*** Opening of Collected material ***
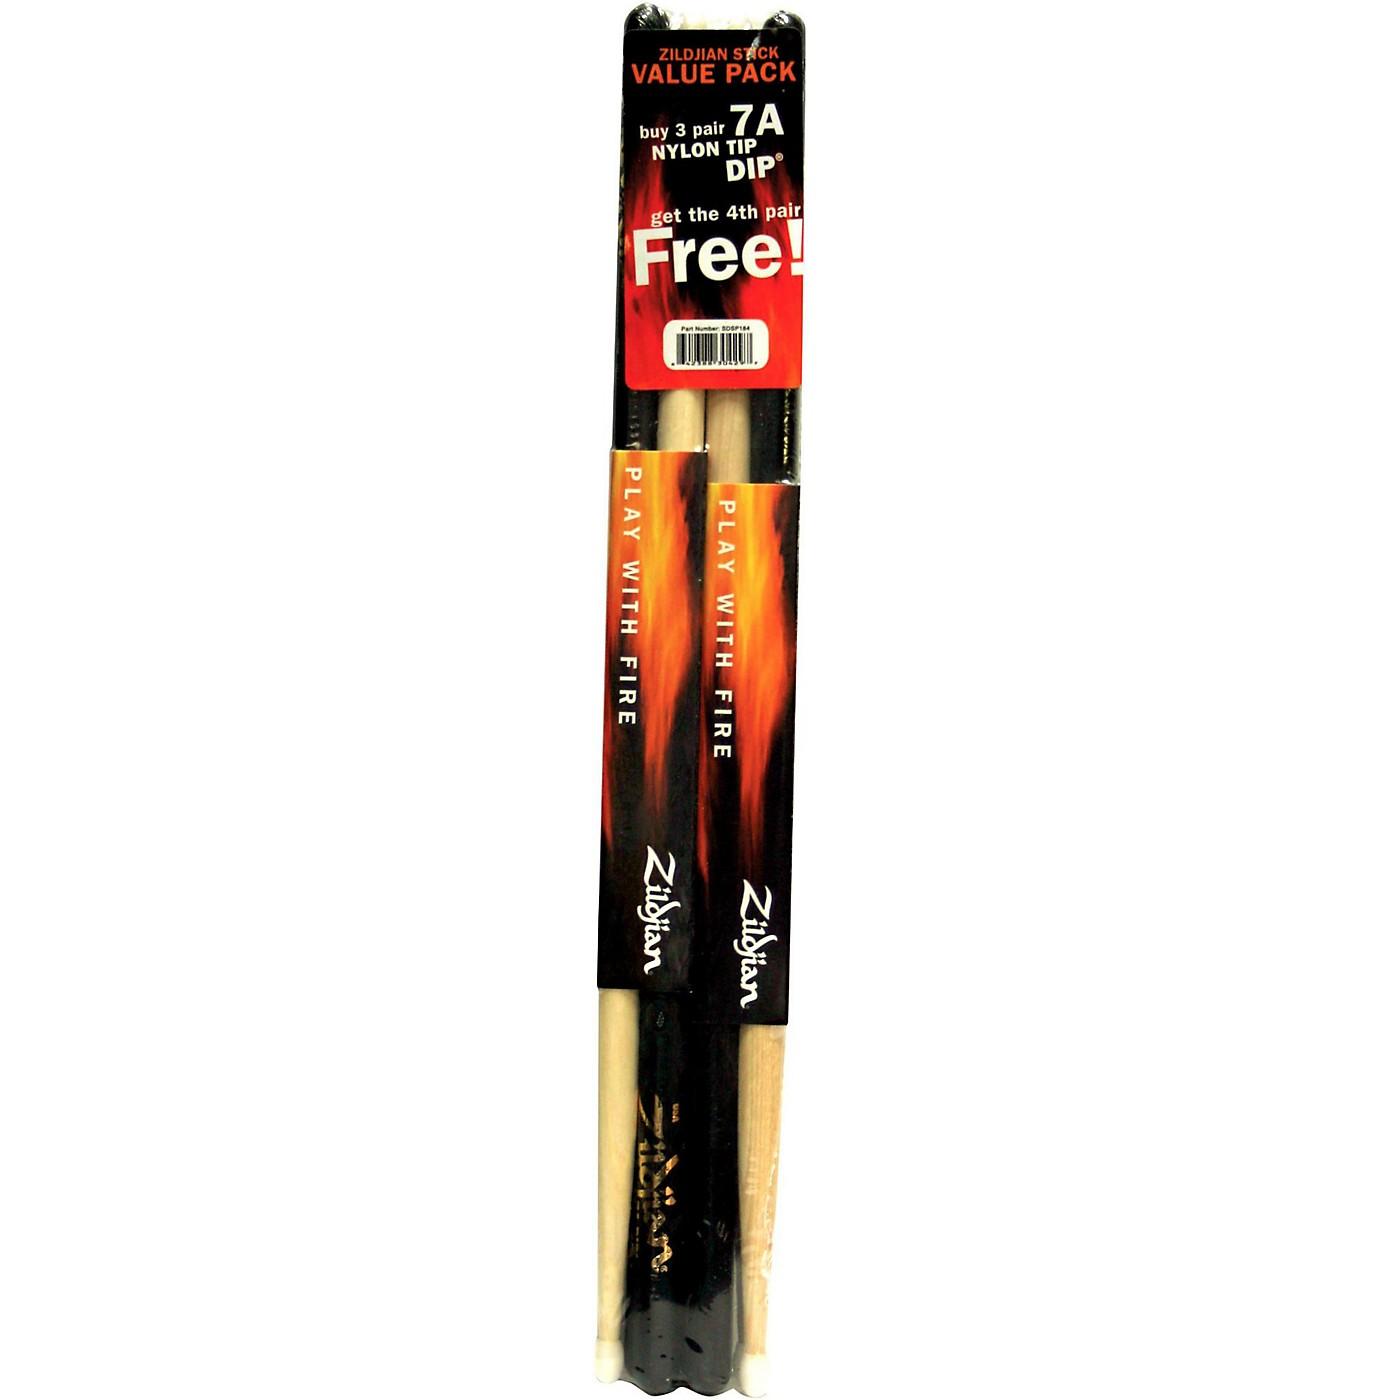 Zildjian DIP Wood Drum Sticks -  Buy 3 Pairs, Get 1 Pair Free, Black thumbnail
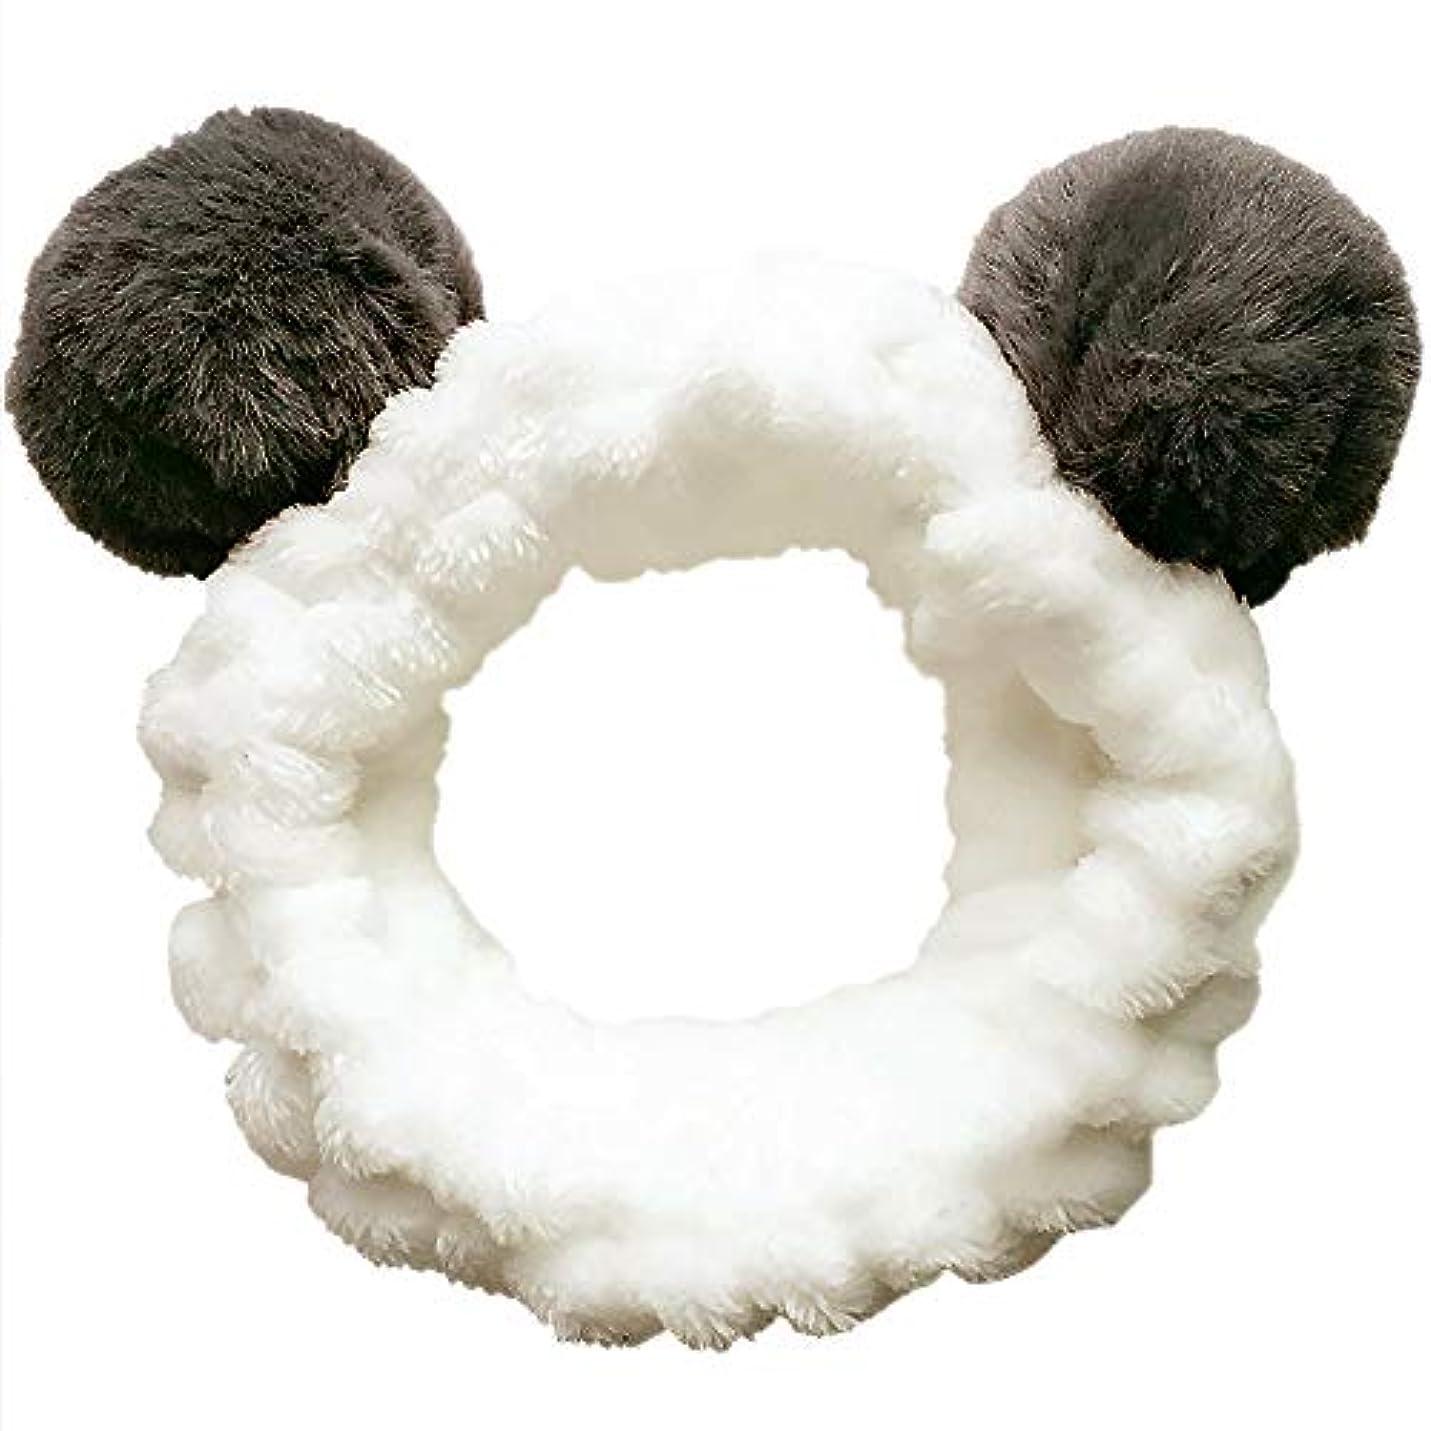 喉頭捧げる余計なヘアバンド 洗顔 動物 パンダ型 柔らかい 吸水 ターバン レディース ヘアアレンジ 伸縮性あり アニマル ふわふわ
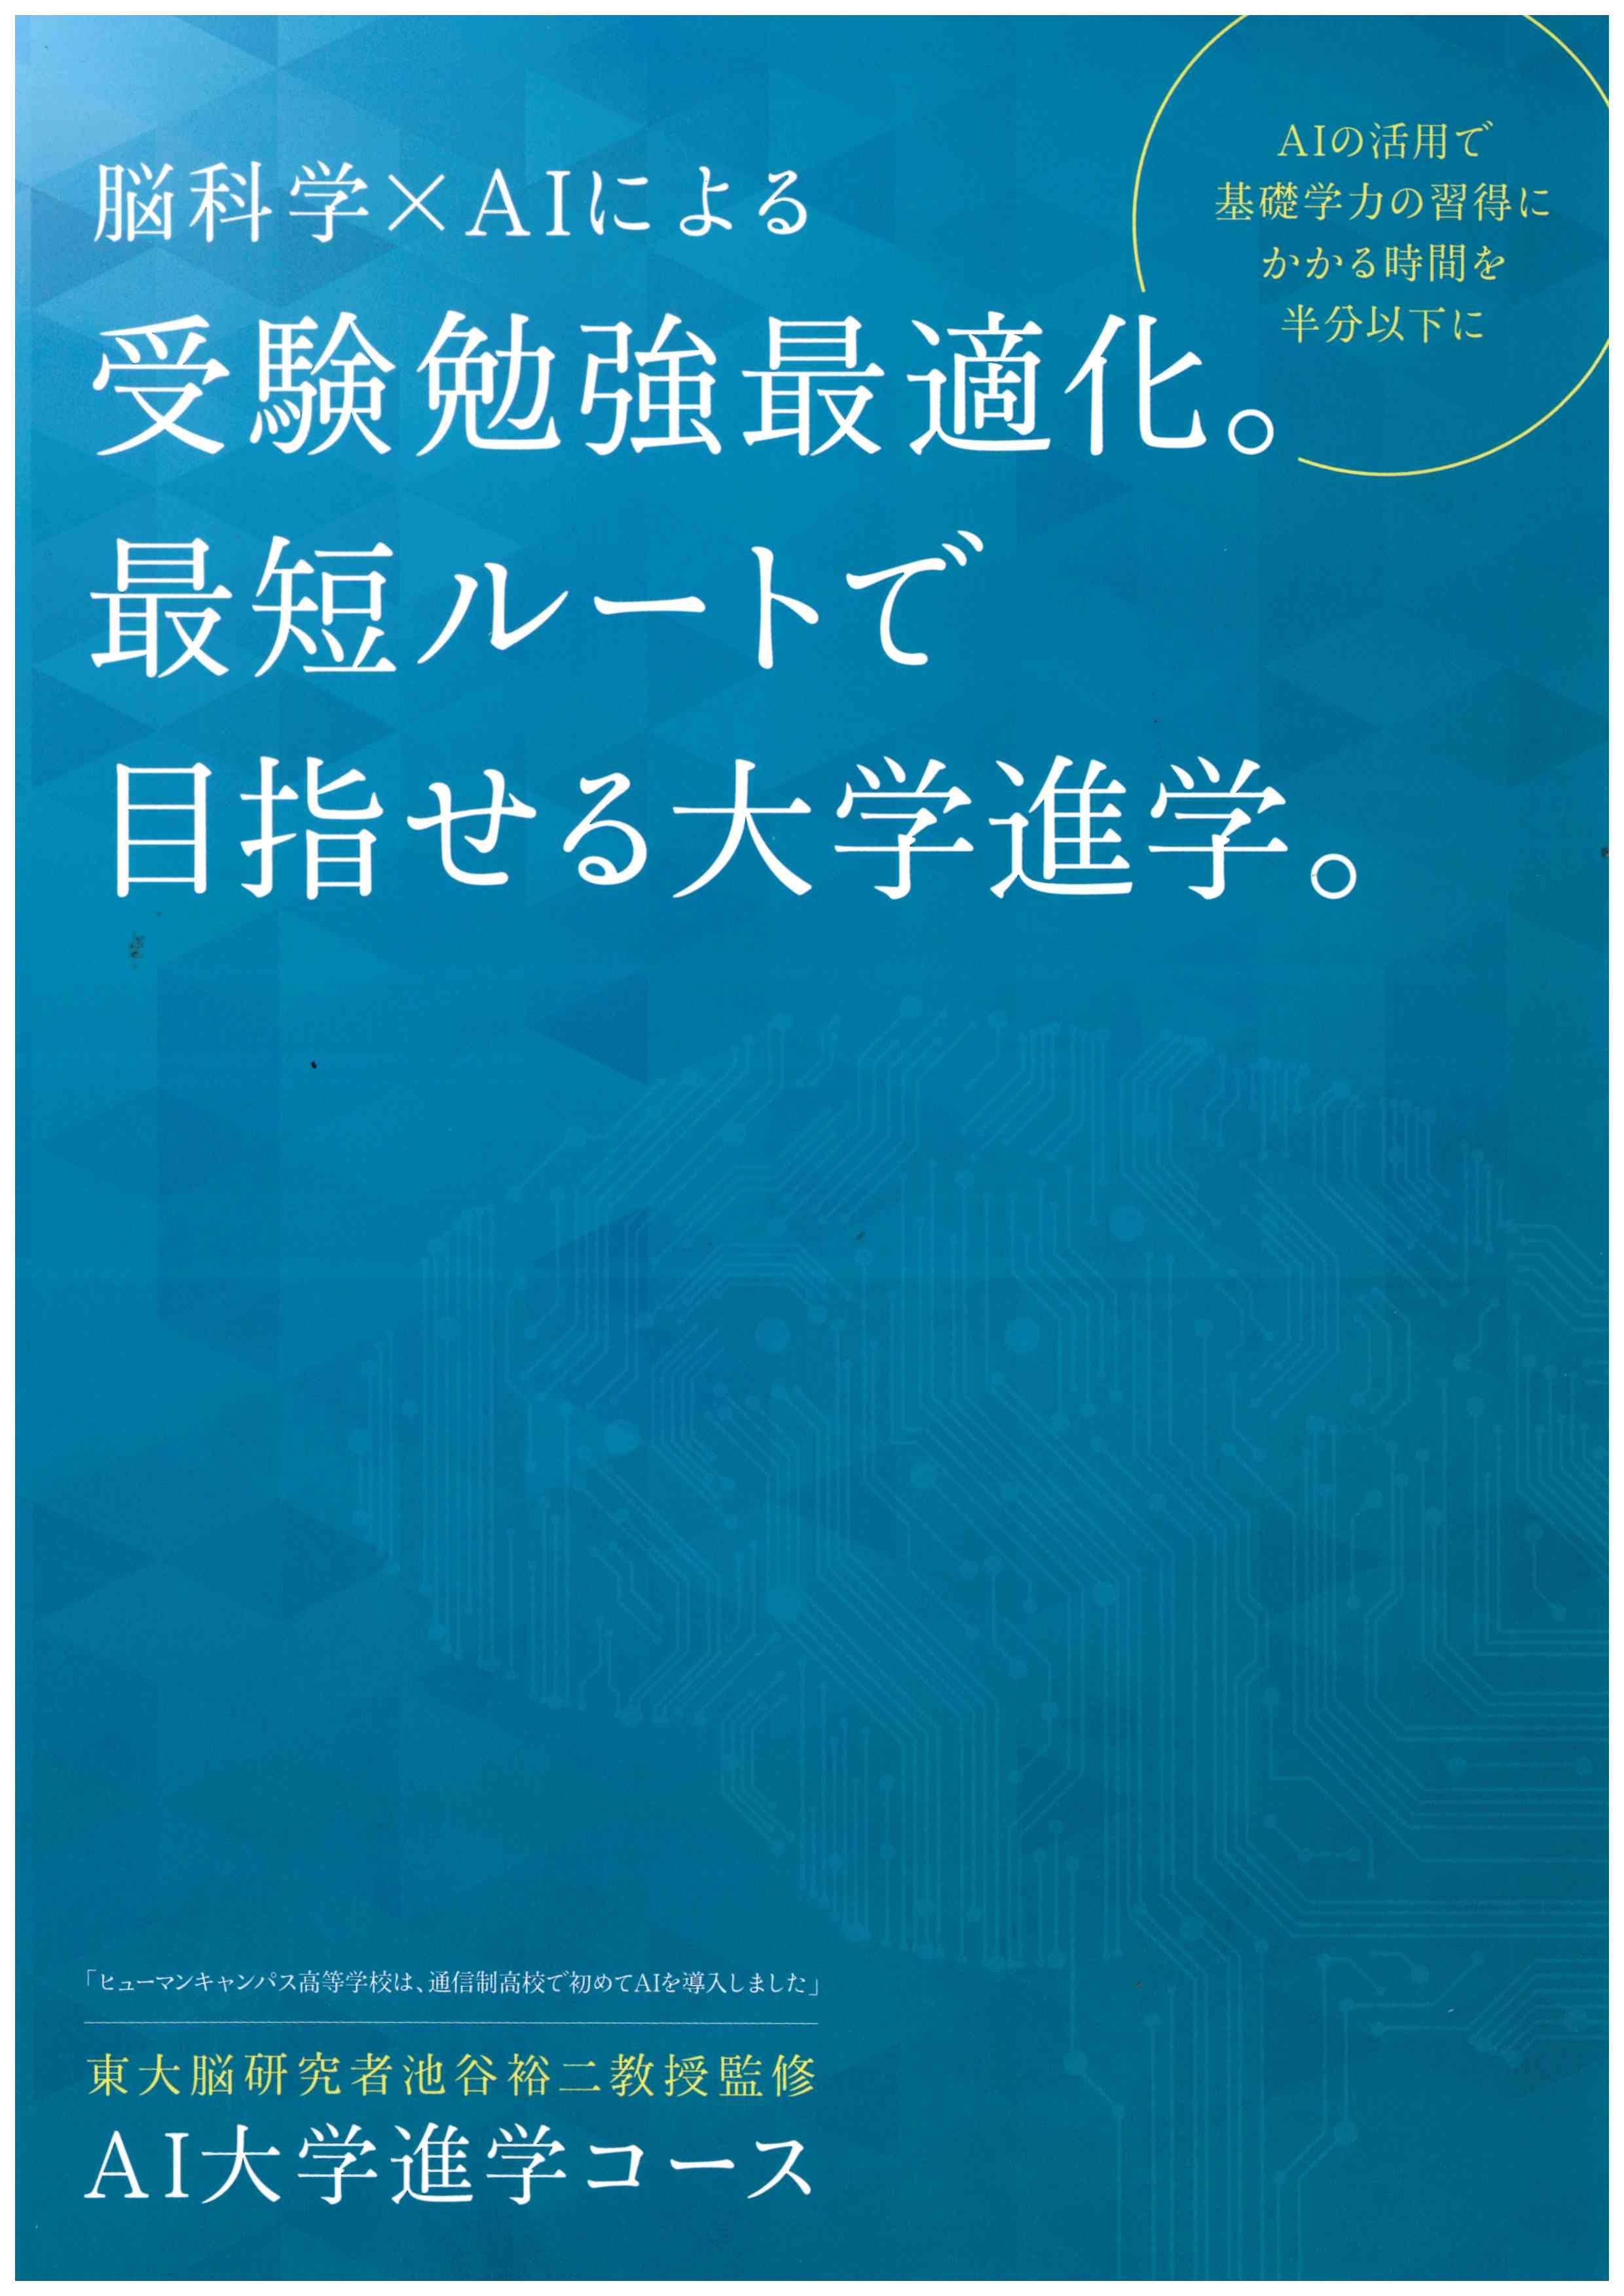 【高松】夏のオープンスクール☆AI大学進学コース体験授業☆
*** Close of Collected material ***
[Brief]
Retype the material above exactly, images excluded.

[Result below]
 Zildjian DIP Wood Drum Sticks -  Buy 3 Pairs, Get 1 Pair Free, Black thumbnail
 喉頭捧げる余計なヘアバンド 洗顔 動物 パンダ型 柔らかい 吸水 ターバン レディース ヘアアレンジ 伸縮性あり アニマル ふわふわ
 【高松】夏のオープンスクール☆AI大学進学コース体験授業☆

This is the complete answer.